As Forest Park prepares to celebrate its centennial this summer, another anniversary in the midway point of the community’s history has come to pass. 50 years ago yesterday, the end of an era in transportation history occurred at the old Desplaines Avenue transit station.

Up until July 3, 1957, the Desplaines station wasn’t a terminus, but just another point on the Chicago, Aurora and Elgin railroad commuter system that connected downtown Chicago with Westchester, Broadview, Maywood and points as far west as Wheaton, Aurora and much of the Fox River Valley.

But on July 3, that service came to a sudden-and for some 3,500 to 6,000 commuters-distinctly inconvenient halt.

For 50 years, the electric CA&E trains ran over the Garfield Park Elevated tracks that went from downtown Chicago to Forest Park, traveling at speeds of up to 75 mph. In 1952 the CTA sold its right-of-way for those tracks between Racine Avenue and Sacramento Boulevard and agreed to the destruction of its elevated structure as part of the planned Eisenhower Expressway.

The situation became problematic when Cook County later moved in court to condemn the right-of-way it controlled between Austin Boulevard and the Des Plaines River. The city of Chicago had plans to eventually build the Garfield elevated rail system in the middle of planned expressway, then allow the CA&E to transfer service to those rails. No money was committed to the project, though, and the privately owned CA&E board of directors balked at the massive losses the likely years-long delay would cost.

The CA&E petitioned the Illinois Commerce Commission to abandon all commuter rail service, beginning a five year court fight to keep the service going. On July 3, 1957, after numerous injunctions and challenges, the company pulled the switch on its commuter service-unbeknownst at the time to some 5,000 commuters who used the service to travel to work that morning.

Julie Johnson, now 65, was a 15-year-old Wheaton resident when she headed downtown to the Chicago library with a friend that morning.

She would miss the final full length run by a CA&E train by just a minute or two. When her train pulled into Forest Park around 12:20 p.m., she was greeted by a posted notice and an apologetic station master.

“They just said, ‘We’re sorry, but the railroads been shut down,'” Johnson said remembering that day 50 years ago.
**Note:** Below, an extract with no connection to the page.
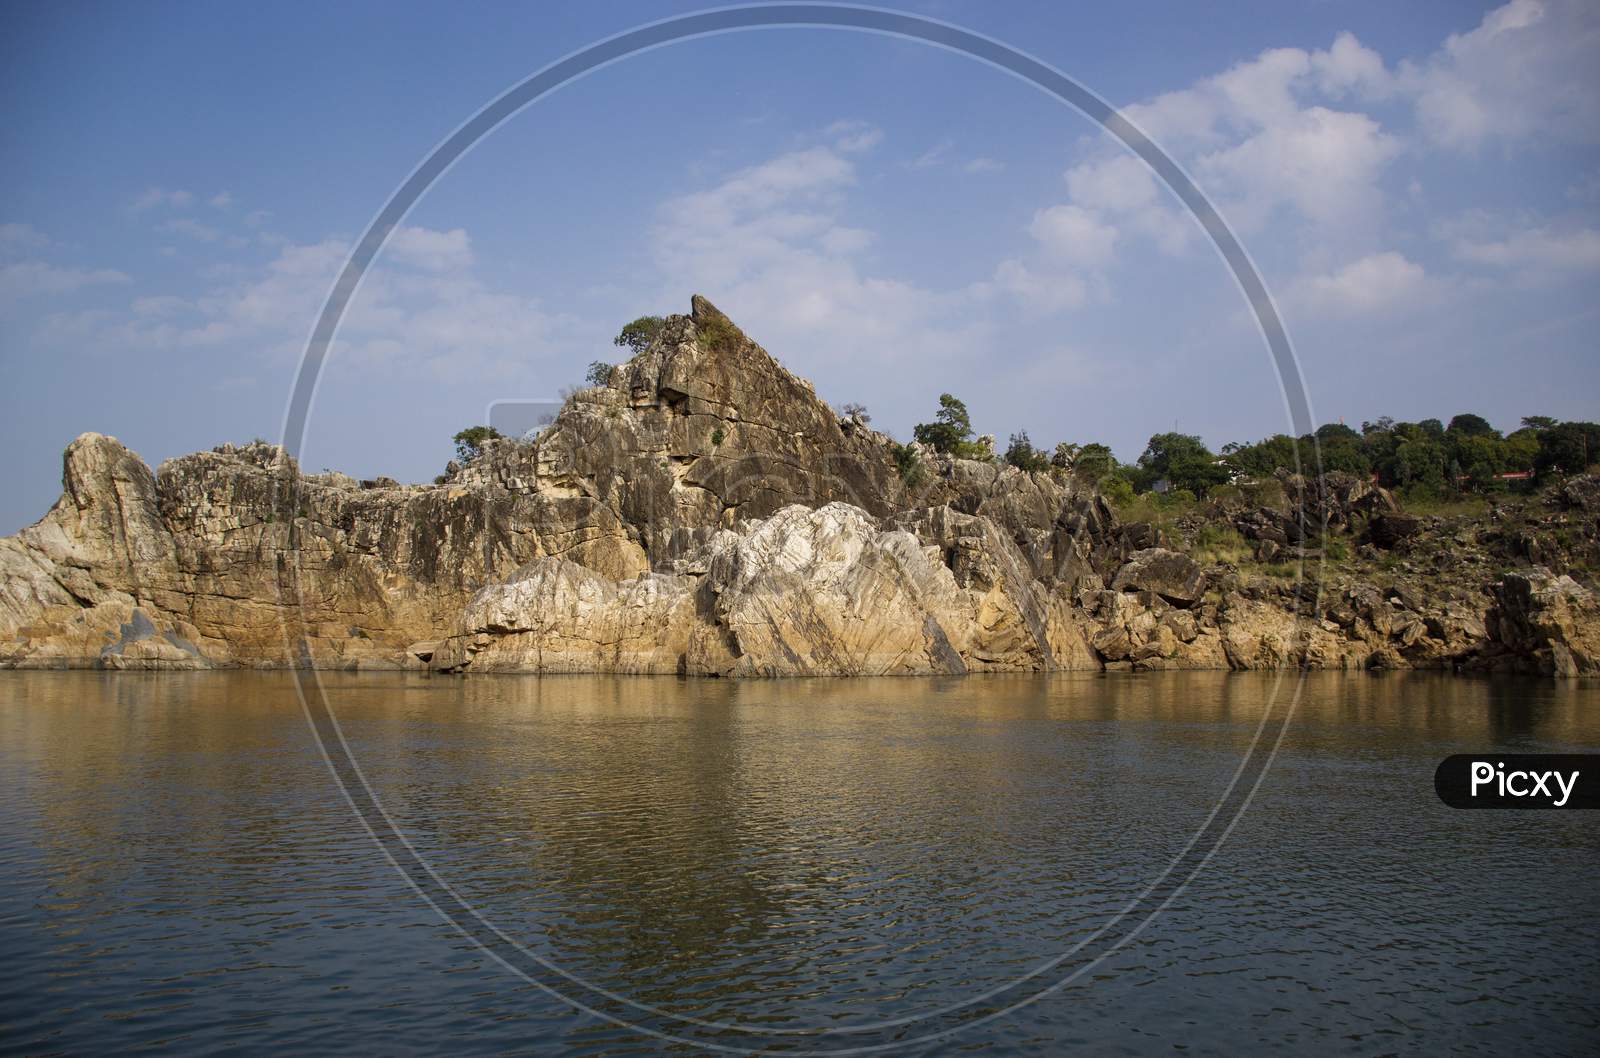 Narmada River In Between Marble Rocks, Jabalpur, Madhya Pradesh/India

Johnson was one of the lucky. She and her friend took a cab to the Marion Street Northwestern station in Oak Park and caught a train home to Wheaton, Ill. For thousands of other commuters returning home later that afternoon, their once routine trip turned into a mob scene as trainload after trainload arrived in Forest Park only to find their means of going home no longer existed.

Unfortunately, CA&E officials reportedly didn’t notify CTA officials of the shutdown until 5 p.m., by which time an estimated 3,500 riders had arrived at the station.

Officials at the Leyden Motor Coach company, which was planning to pick up the slack when the CA&E eventually ended service, were also caught unprepared. The West Town Bus Company in Oak Park sent four to transport people to train stations in River Forest and Elmhurst. Other people took cabs, if they could get one, or called home to arrange for a car to pick them up.

In the meantime, as more and more people realized they were stranded, things took an ugly turn. There were reports of benches and other equipment on the platform being thrown on the tracks by angry commuters.